SOURCE: Lexaria Bioscience Corp.

KELOWNA, BC / December 16, 2021 / Lexaria Bioscience Corp. (NASDAQ:LEXX)(NASDAQ:LEXXW) (the "Company" or "Lexaria"), a global innovator in drug delivery platforms announces that it has entered into an advertising and media agreement (the "Contract") for media buys and digital marketing with SRAX, Inc. ("SRAX").

"Lexaria is pleased to be working with SRAX to inform and engage a broad investor community in this significant, year-long media outreach campaign," said Chris Bunka, CEO of Lexaria Bioscience. "Lexaria has made tremendous progress during 2021 and we expect even more significant advancement in 2022 and are pursuing the broadest possible investor involvement to ensure that Lexaria's achievements are communicated to all investors."

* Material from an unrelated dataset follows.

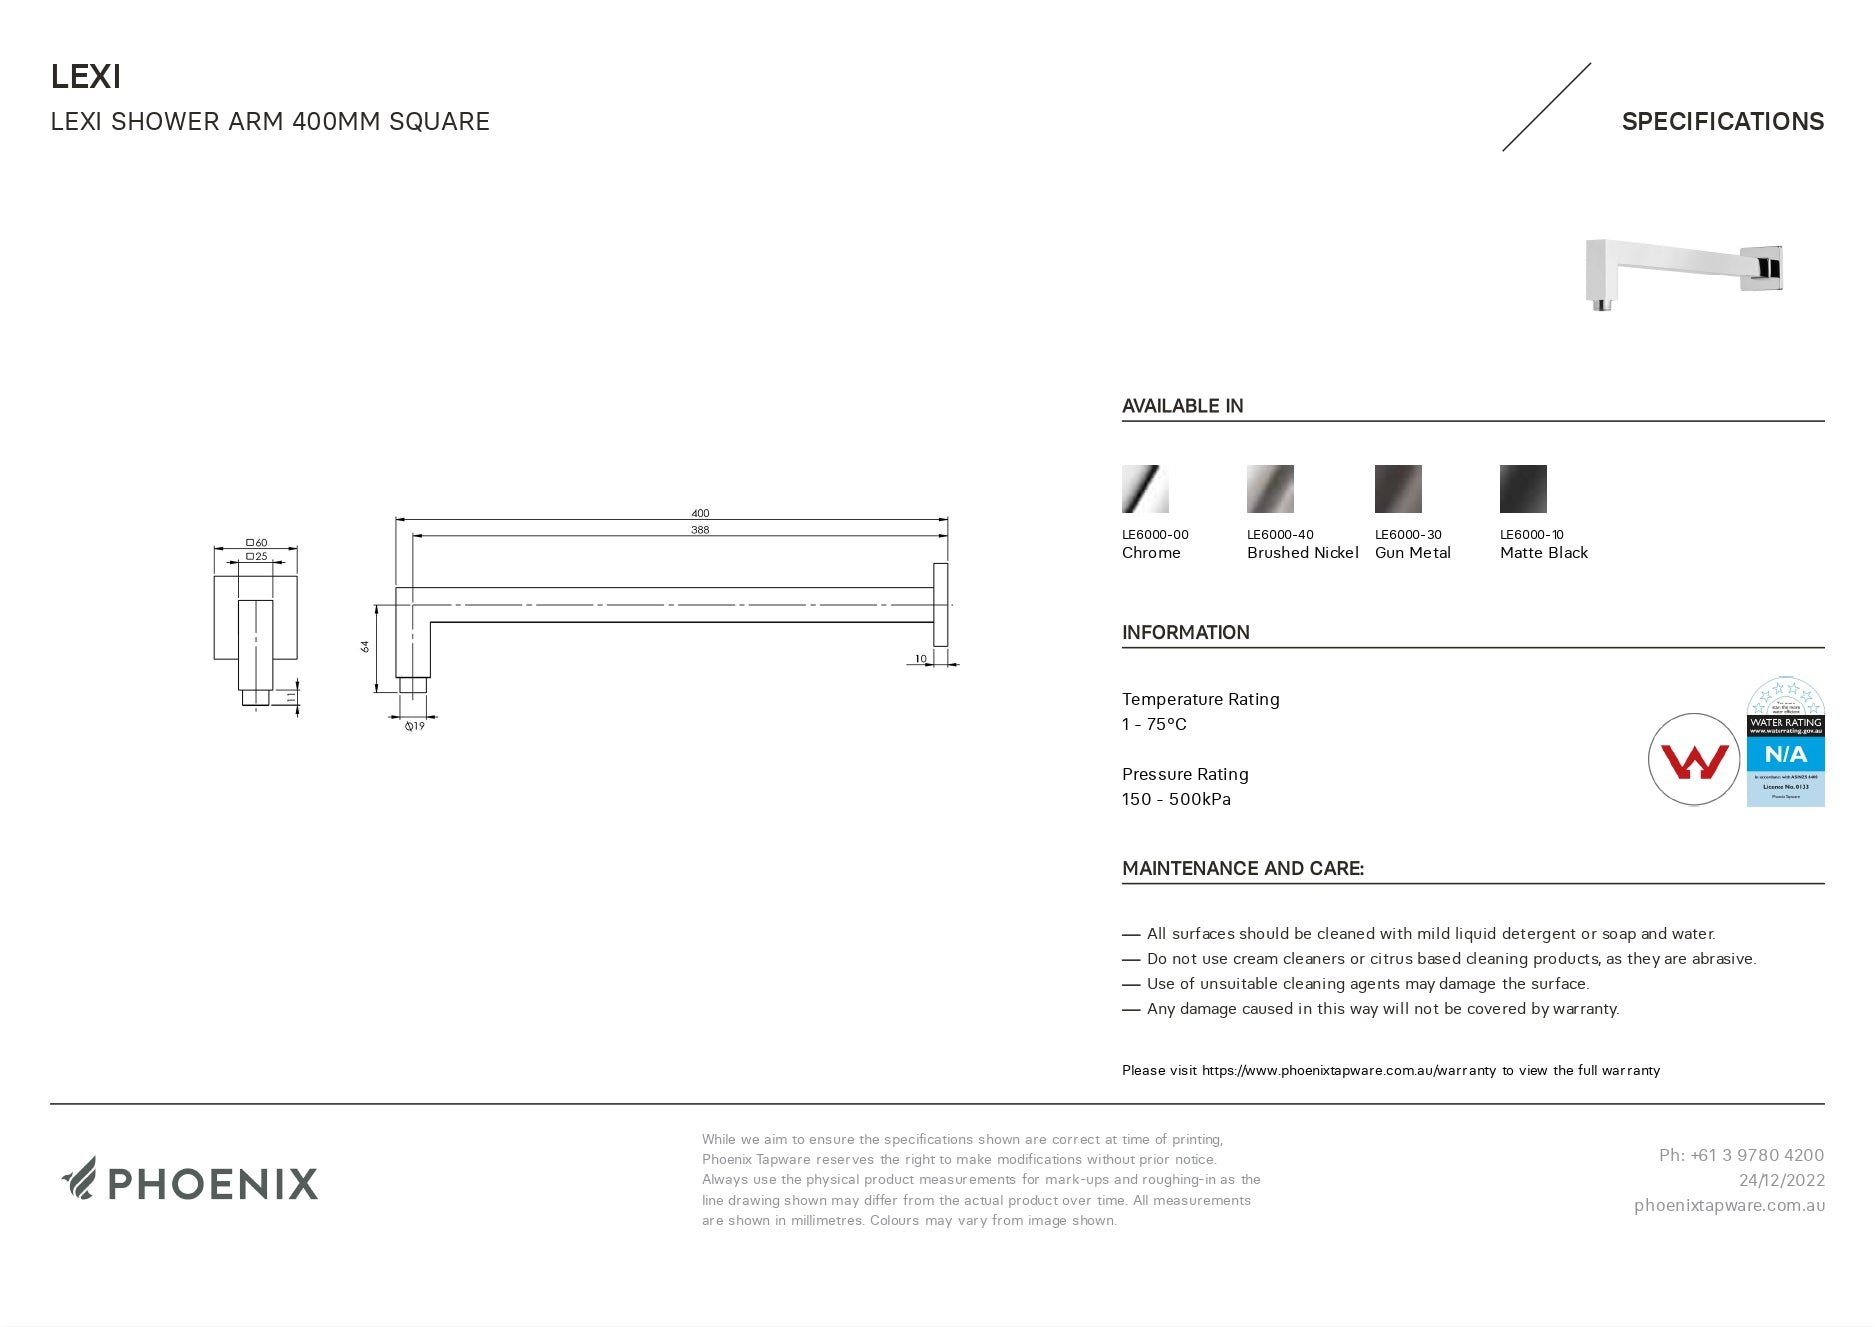 PHOENIX LEXI SHOWER ARM SQUARE GUN METAL 400MM

Lexaria is planning for 2022 to be its busiest year ever, with major studies and events already announced that include:

• a six-week human clinical hypertension study to evaluate DehydraTECH-CBD for possible relief of hypertension;
• an industry-leading oral nicotine human study including both subjective evaluation and objective blood measurements expected to demonstrate the superiority of DehydraTECH-nicotine compared to leading industry products;
• a program of animal studies designed to evaluate DehydraTECH-CBD for seizure relief and comparison against the only existing FDA-approved CBD medication currently in use for treatment of certain seizure disorders; and
• our expectation of completing a pre-IND meeting with the FDA, and subsequently filing an IND application, for registered clinical trial testing of DehydraTECH-CBD for hypertension.

Along with those major studies Lexaria will also be conducting a number of pharmacokinetic studies designed to provide potential early-stage indications of enhancing delivery characteristics of various drugs for potential future use. In aggregate, the quantity of work to be performed demands the maximum visibility possible to the investor community and therefore should be maximized with a sustained and intelligent marketing campaign.

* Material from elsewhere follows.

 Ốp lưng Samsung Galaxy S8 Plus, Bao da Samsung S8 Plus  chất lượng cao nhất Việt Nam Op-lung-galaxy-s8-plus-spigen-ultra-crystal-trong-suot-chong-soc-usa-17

Pursuant to the Contract, SRAX will act as the agent for Lexaria and will engage and manage media companies to create advertising materials and distribute them on internet platforms and manage the flow of such media distributions (the "Services"). SRAX will employ leading-edge analytical algorithms to maximize engagement. As consideration for the Services, Lexaria will issue SRAX an aggregate 224,299 restricted common shares from its authorized share capital (the "Shares") at a deemed price of $5.35 per share for an aggregate value of $1,200,000.

The Shares have not been registered under the Securities Act of 1933, as amended (the "Securities Act") or any state securities laws. The issuance of the Shares will be in reliance on the exemptions from registration provided by Section 4(a)(2) under the Securities Act.

About SRAX

SRAX (SRAX) is a financial technology company that unlocks data and insights for publicly traded companies. Through its premier investor intelligence and communications platform, Sequire, companies can track their investors' behaviors and trends and use those insights to engage current and potential investors across marketing channels. For more information on SRAX, visit srax.com and mysequire.com.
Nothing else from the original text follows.